Last week was restaurant week in DC. I loved restaurant week in NYC because you could try out some of the city’s best eateries for just $35 for three courses. While it was sometimes difficult finding a menu with a gluten free option for each course, I got to try places like Mesa Grill and The Breslin for a fraction of the normal price.
So when I saw Art and Soul on the list of restaurants for DC’s restaurant week, I jumped at the chance to taste Art Smith’s menu. If you don’t know Art, he’s the hilarious Southern chef who was on Top Chef Masters. I checked out the restaurant week menu ahead of time, and was sold at “buttermilk-ricotta panacotta, macerated peaches, local honey”.
Everyone else started their meal with this lovely gluten-fest of bread.
I chose the soup as my first course – heirloom tomato, minus the breadcrumbs that usually come on top. It was a nice starter – there were really spicy peppers as the garnish, plus it was just so pretty.
One of my friends got the shrimp and grits, which I would have gotten, but I would have had to ask them to omit the andouille sausage, and I didn’t feel like making a fuss with every course. I told the waitress that I had a gluten allergy, but she wasn’t overly accomodating.
Doesn’t it look so yummy though? That’s pickled okra on top.
I originally wanted to get the flounder as my main course, but I wasn’t sure what was in the sauce, and I didn’t feel like pestering the waitress with more questions, so I got the “dirty rice”. Basically like a risotto with sauteed mushrooms on it. Again, it was good, but more of a side dish in my opinion than a main course.
For dessert they didn’t have the panacotta on the menu! Such a bummer.
I hate when my only option is sorbet or ice cream, it’s kind of torturous to watch everyone else indulge in bread pudding and chocolate tortes while you eat the same thing that’s on the kid’s menu.
I asked them to put on some whipped cream to make it a bit fancier.
All in all it was a run-of-the-mill dinner for me. My fabulous company made up for the small portions and utter lack of protein in my meal. The atmosphere is great there too, but the service…not so much.

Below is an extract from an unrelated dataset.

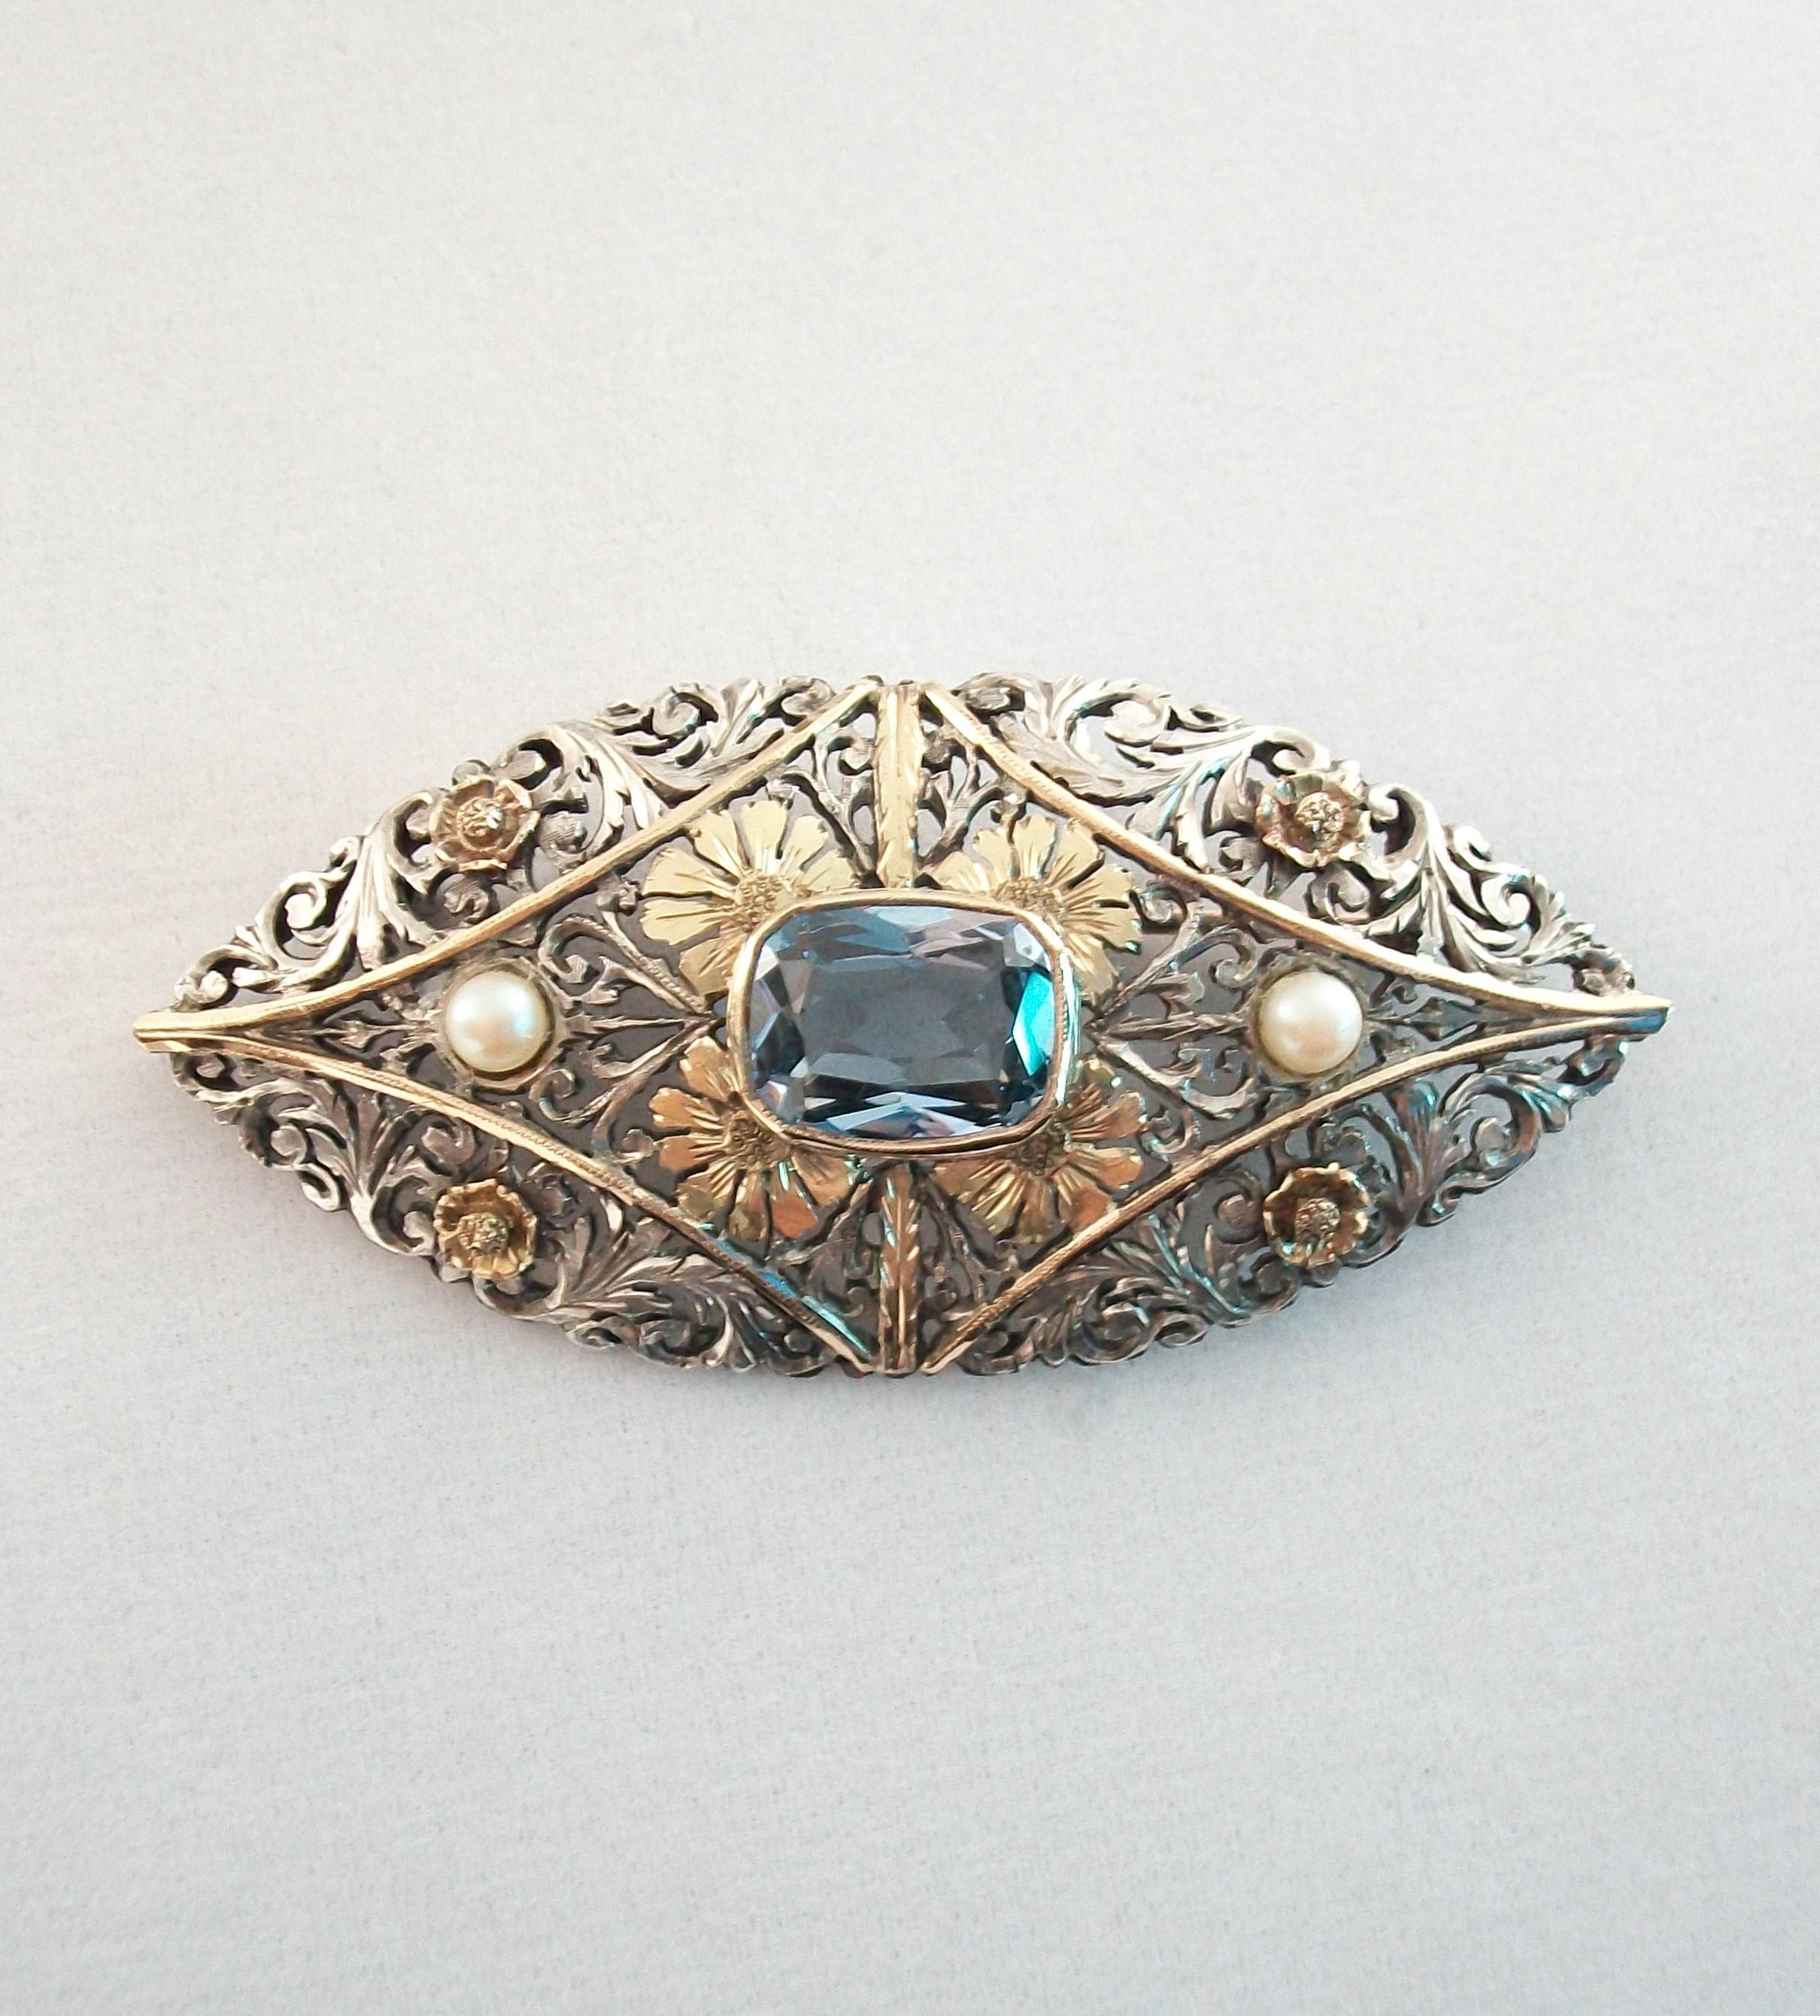 Art Nouveau Aquamarine & Pearl Brooch Set in Silver & Gold - France - Circa 1900 For Sale 4
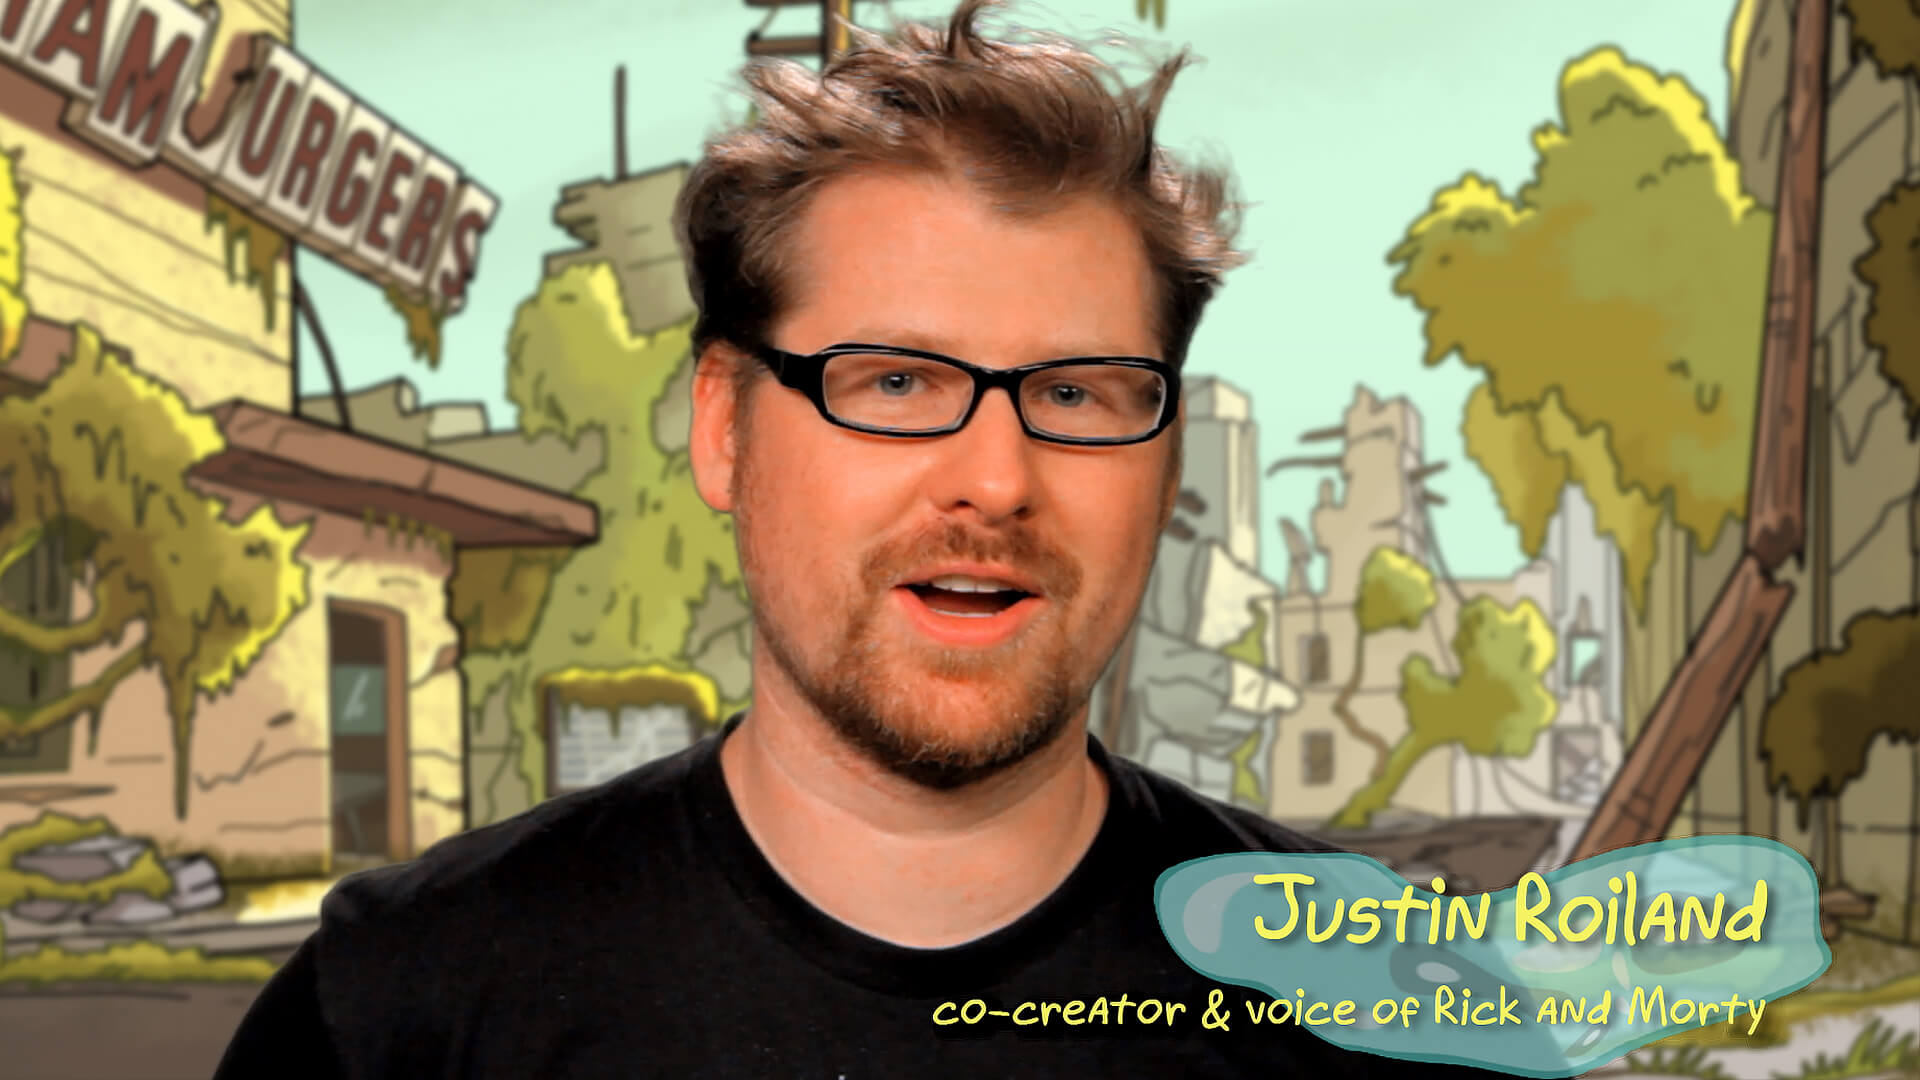 Rick and Morty co-creator Justin Roiland in a segment from the Rick and Morty blu-ray behind-the-scenes produced by Todd Bishop

It seemed like they were not very happy that it was restaurant week, and were lowering their standards.
I still love you though, Art Smith. And even though this experience didn’t blow my mind, you are still a top chef in my book.
This dinner also reminded me what a difference having an understanding/enthusiastic server can have. Have you ever made compromises on your dining decisions because of a server?